By “block”, I was referring to LD blocks, so non-overlapping regions in the genome. Experience told us that running a lasso or a elastic net using the entire dataset is not only slow but also not as good as breaking it down into LD blocks. The size of the blocks is usually within a few thousand SNPs so the whole thing can still be handled by pandas. I got so far as to use make_table and to_spark to export a subset of the data to spark, but am not sure how I can go about parallelizing the blocks across the genome. Say we have 1000 LD blocks and 2500 partitions. Is it possible to get the executors to process blocks instead of SNPs? Thanks a lot!
I have a few ideas:
- We could expose something that writes out a VCF per partition and runs a user-specified tool on the VCF, collecting results. This isn’t my favorite option, and it seems hacky.
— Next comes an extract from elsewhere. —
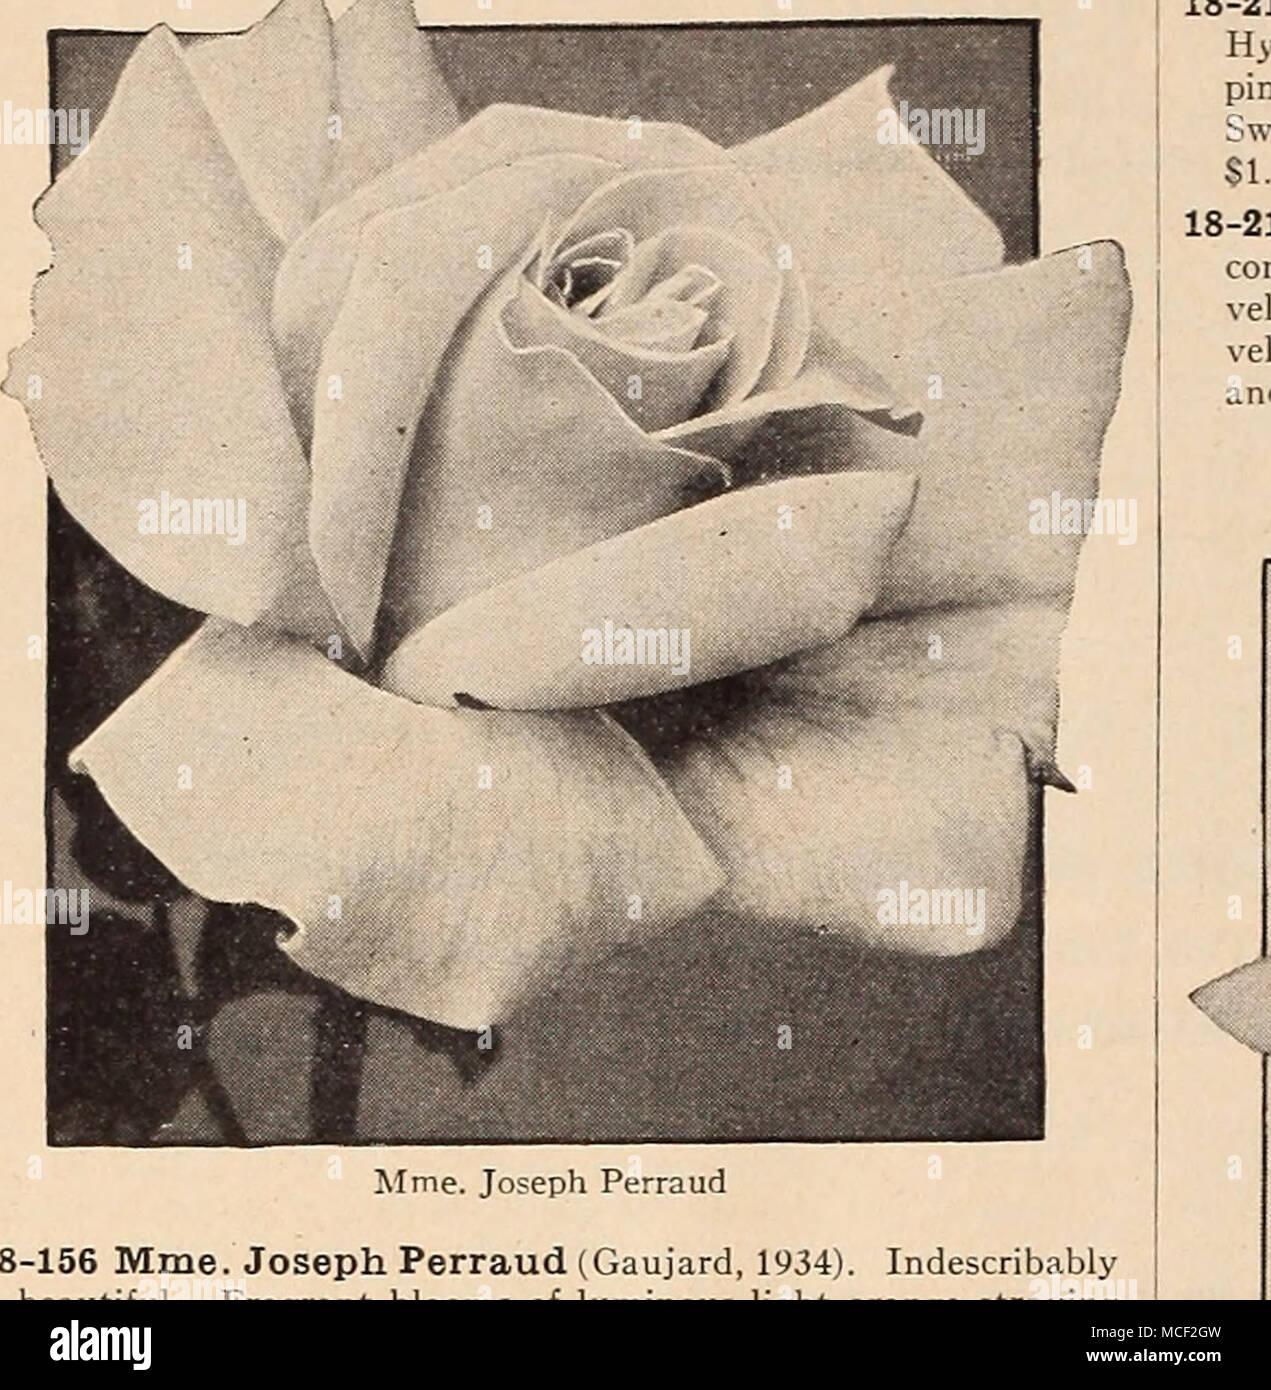 18 156 mme joseph perraud gaujard 1934 indescribably beautiful 18 156 mme joseph perraud gaujard 1934 indescribably beautiful izmirmasajfo

- We implement LASSO / elastic net methods on MatrixTable. Then, we implement a GroupedMatrixTable that can do any MT operators on row / col groups. This makes the entire thing basically two lines of code, but we’re a long way from being able to do this.
- We add ndarrays as a Hail type, and implement regularized regression methods on ndarrays. We can then easily add some operation which would convert your MatrixTable to a Table with a
genefield and a
datafield (ndarray), where you can do the regression trivially per record.
I think number 3 is feasible on the ~6 month time scale.